■ Supplied material:
((
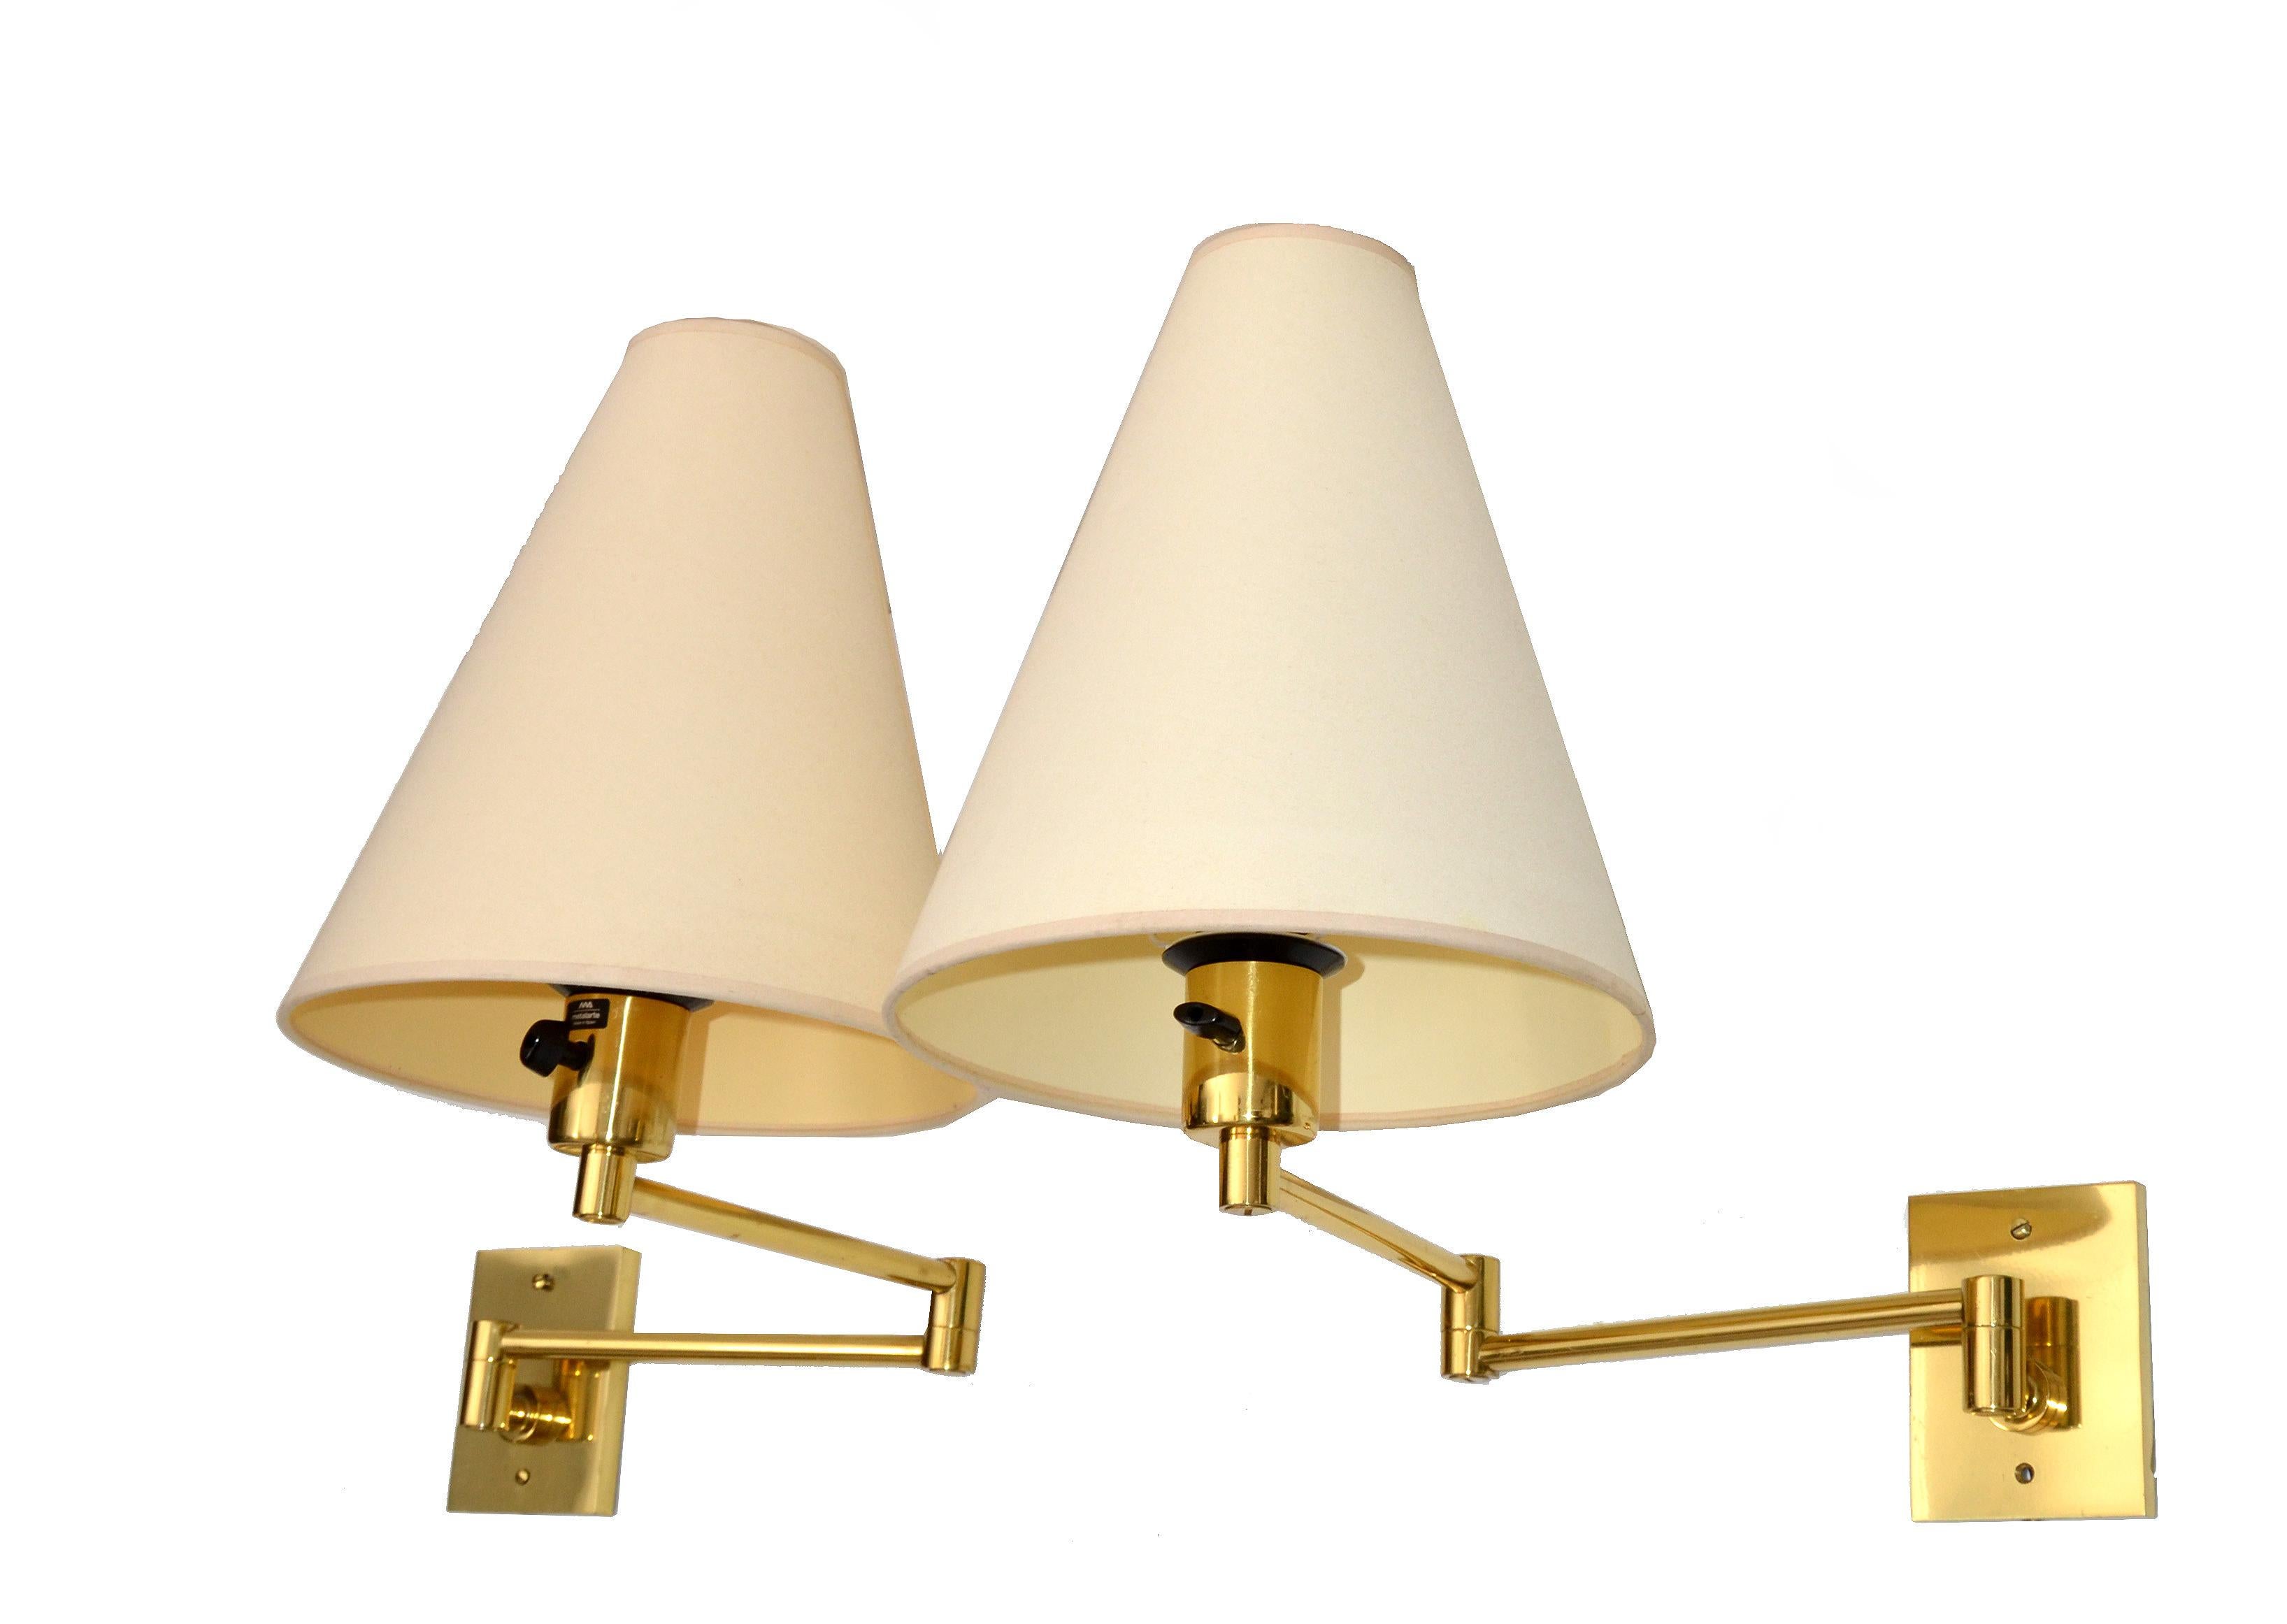 Pair of brass and metal Hansen lamps by Metalarte retractable sconces, wall lights.
Perfect working condition and each takes a max. 75 watts light bulb, LED works too.
Marked at the socket, Metalarte Spain & Hansen Lamps New York at the back
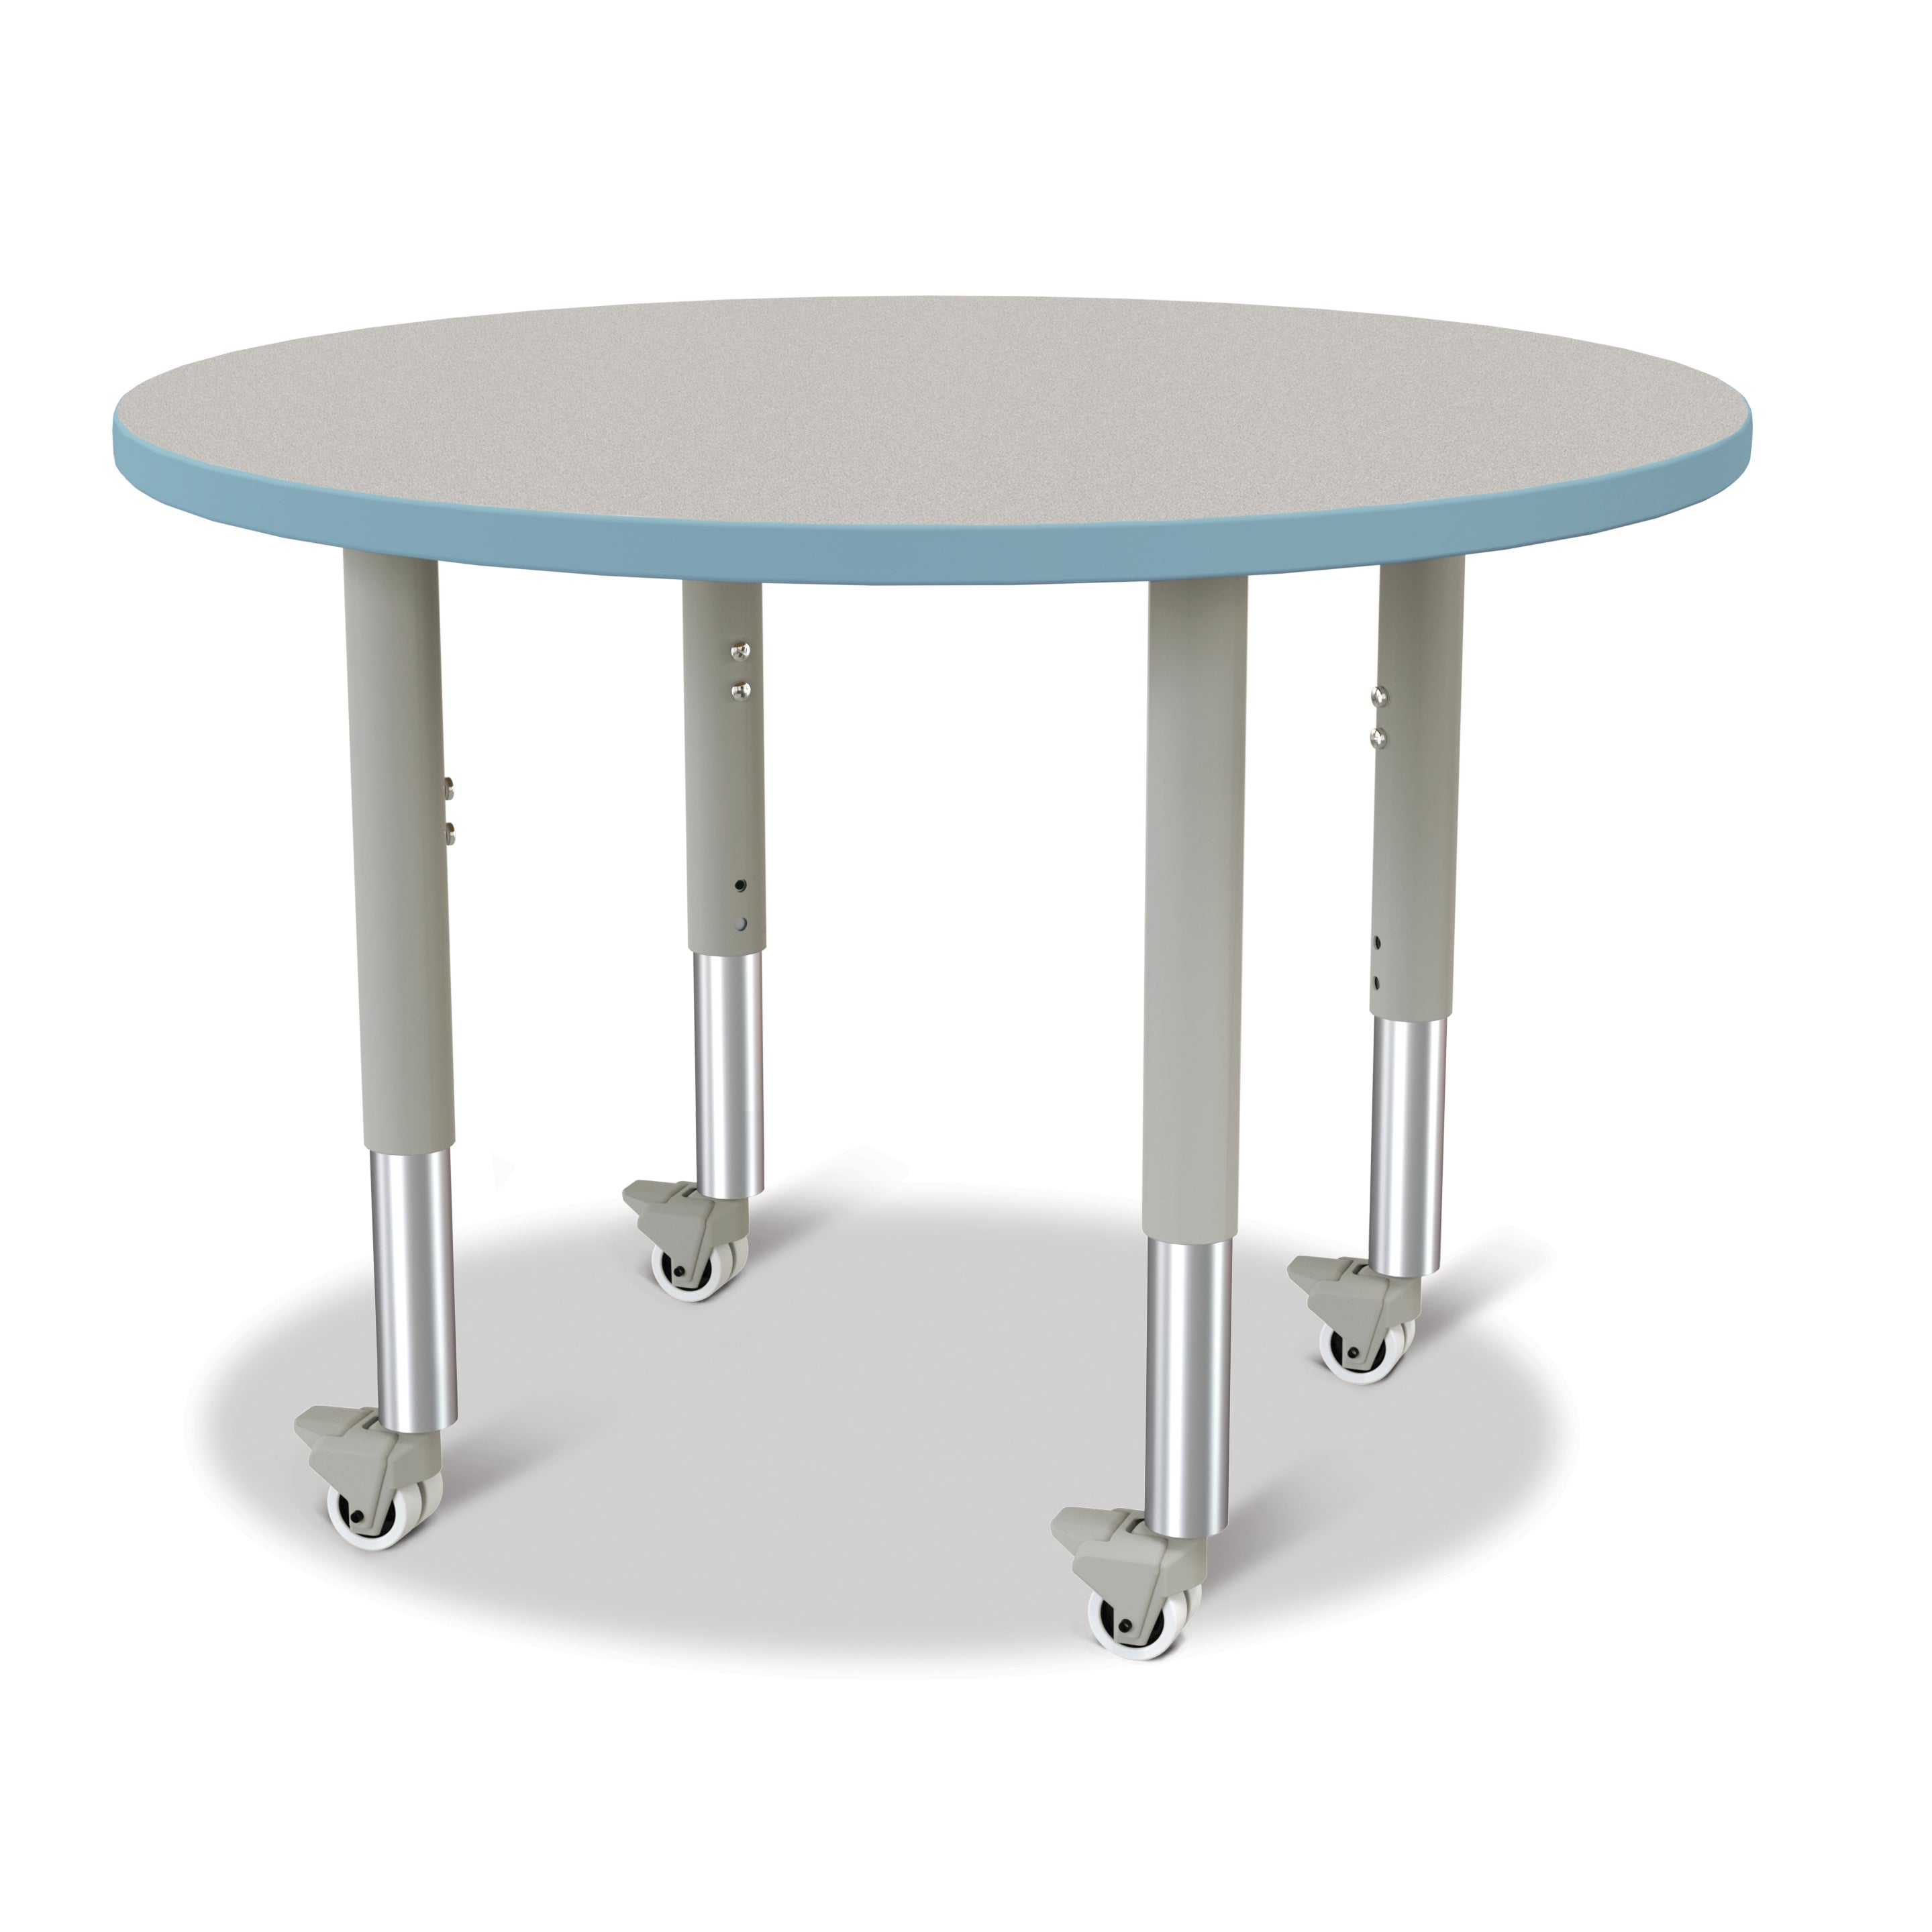 6488JCM131, Berries Round Activity Table - 36" Diameter, Mobile - Freckled Gray/Coastal Blue/Gray
))
■ What you need to do: Word for word, retype the lines from the one that contains "Marked at the" through the final line of the data, both ends included, excluding pictures.

■ Exercise response:
Marked at the socket, Metalarte Spain & Hansen Lamps New York at the back
 6488JCM131, Berries Round Activity Table - 36" Diameter, Mobile - Freckled Gray/Coastal Blue/Gray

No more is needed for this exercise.